The Professor sat at his American roll-top desk, his finger-tips pressed

against his temples. When he looked up, his face appeared blanched and

strained.

 

“Headache?” asked the doctor.

 

“So—so,” was the reply.

 

Helen bit her tongue to keep back her impulsive offer of aspirin, as she

felt that professional advice should take preference.

 

“Take anything?” asked Dr. Parry casually.

 

“Yes.”

 

“Good… The new nurse wants Miss Capel to take duty, tonight. I

forbid it. Lady Warren’s heart is in a bad way, and she is in too

critical a condition to be left in the charge of an untrained girl. Will

you see that this order stands?”

 

As he listened, the Professor kept his fingers pressed over his

eyeballs.

 

“Certainly,” he agreed.

 

When they were outside, Helen turned to the doctor, her eyes limpid with

gratitude.

 

“You don’t know what this means to me,” she said.

 

“You—”

 

She broke off at the shrilling of the telephone-bell.
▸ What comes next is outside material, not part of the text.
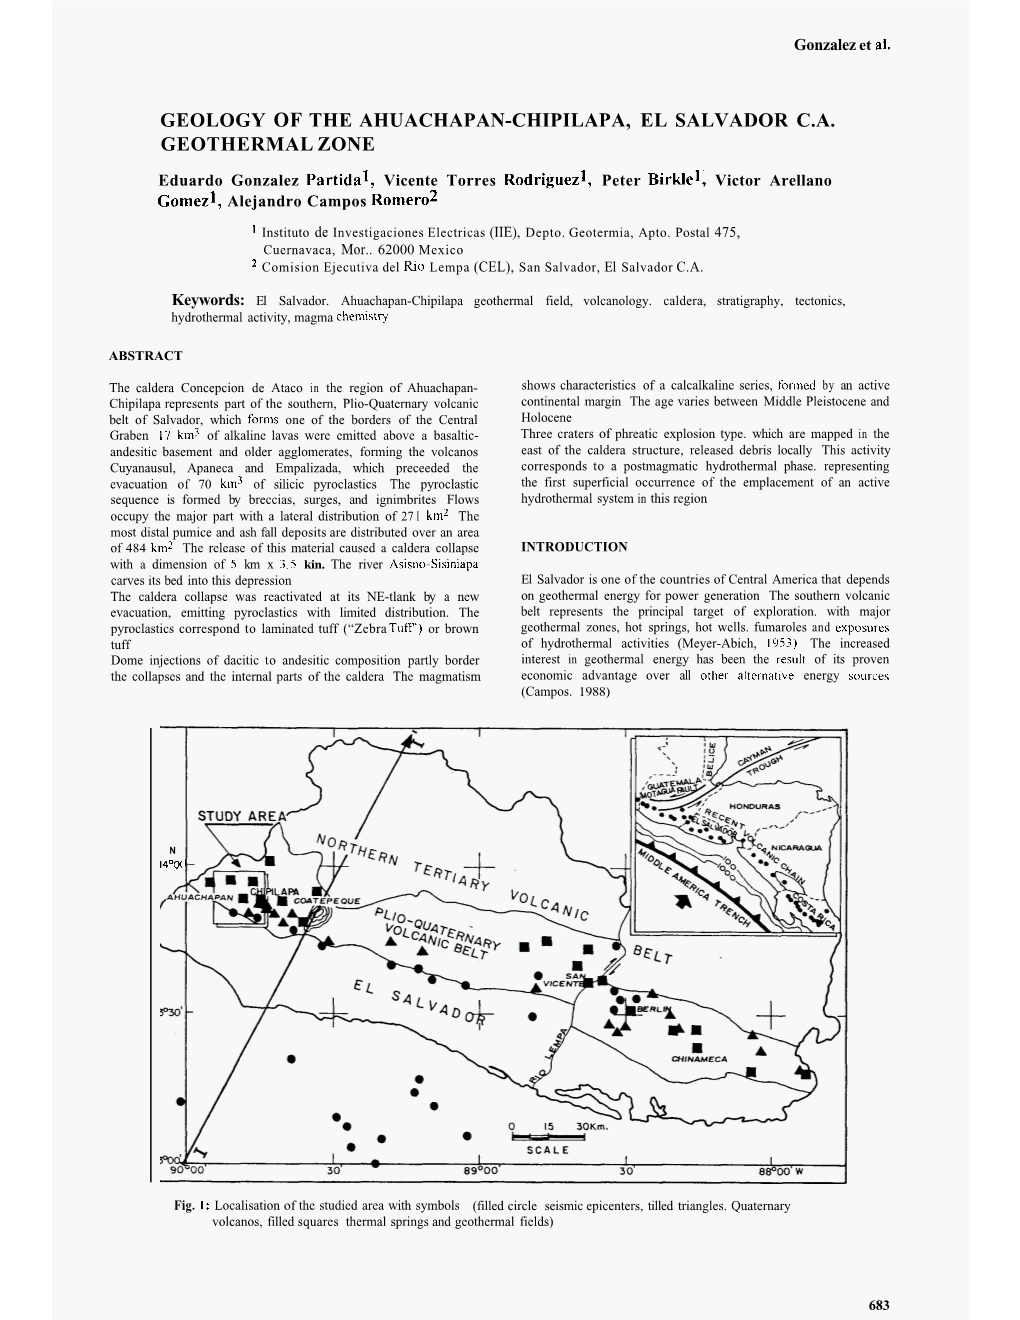 Geology of the Ahuachapan-Chipilapa, El Salvador C.A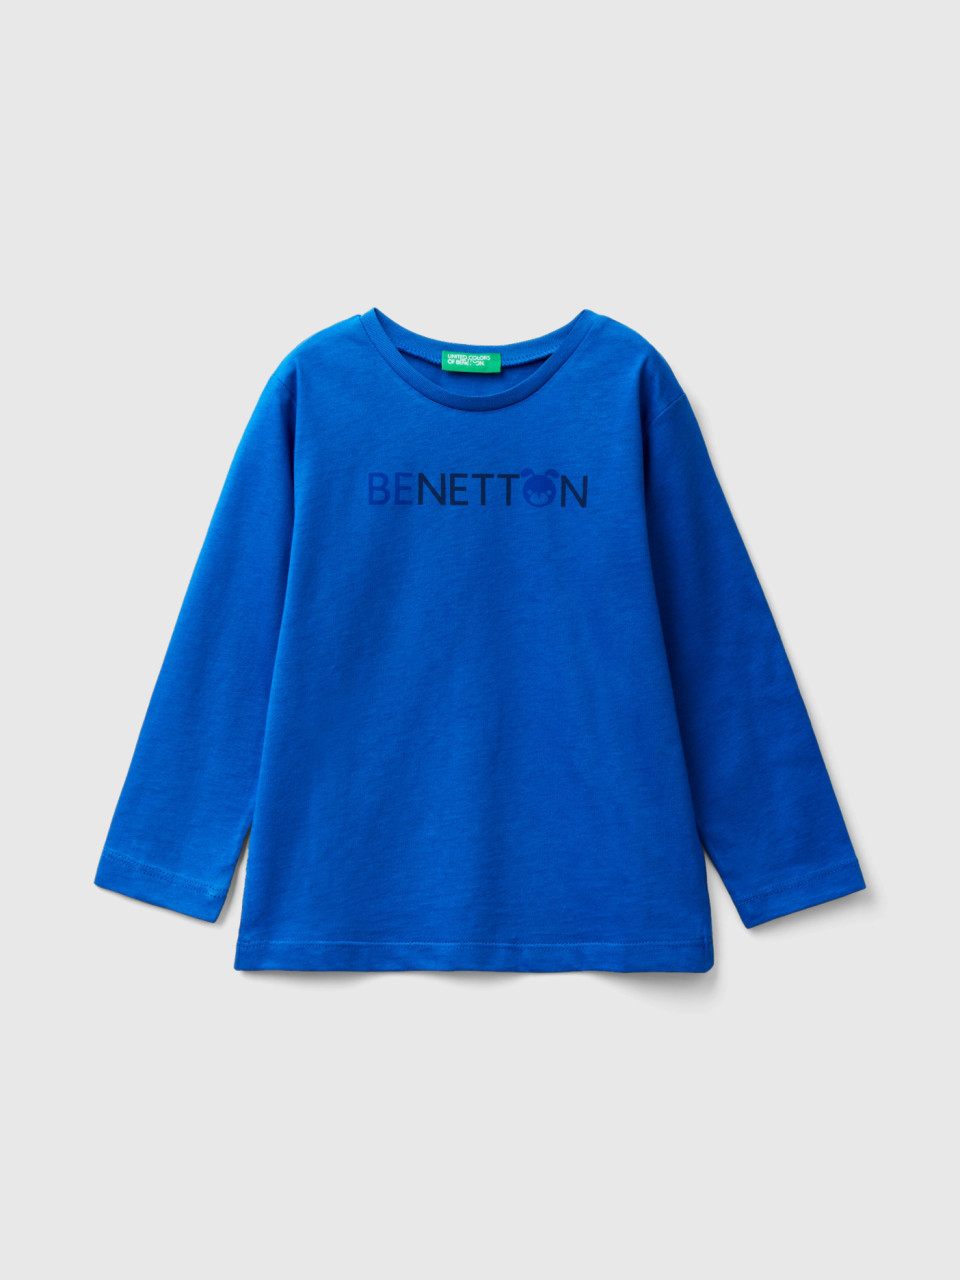 Benetton, Long Sleeve Organic Cotton T-shirt, Bright Blue, Kids

As the instrument

was in the hall, she rushed to answer it.

 

“Hold on, please,” she said, beckoning to Dr. Parry. “The call’s for

you. Someone’s ringing up from the Bull. He asked if you were here.”

 

With her evergreen interest in the affairs of others, she tried to

reconstruct the inaudible part of the conversation from listening to Dr.

Parry’s end of the line.

 

“That you, Williams?” he asked. “What’s the trouble?”

 

His casual tone dulled to incredulity, as he heard, and then sharpened

to a note of horror.

 

“What?… Impossible… What a horrible thing. I’ll come at

once.”

 

When he hung up, his expression testified to the fact that the

telephone-message had proved a shock. While Helen waited for him to

speak, Miss Warren came into the hall.

 

“Was that the telephone-bell?” she asked vaguely.

 

“Yes,” replied Dr. Parry. “Do you remember a girl Ceridwen Owen—who used

to work here? Well, she’s dead. Her body has just been discovered inside

a garden.”

CHAPTER XI

AN ARTICLE OF FAITH

 

As Helen heard the name, she remembered the gossip in the kitchen.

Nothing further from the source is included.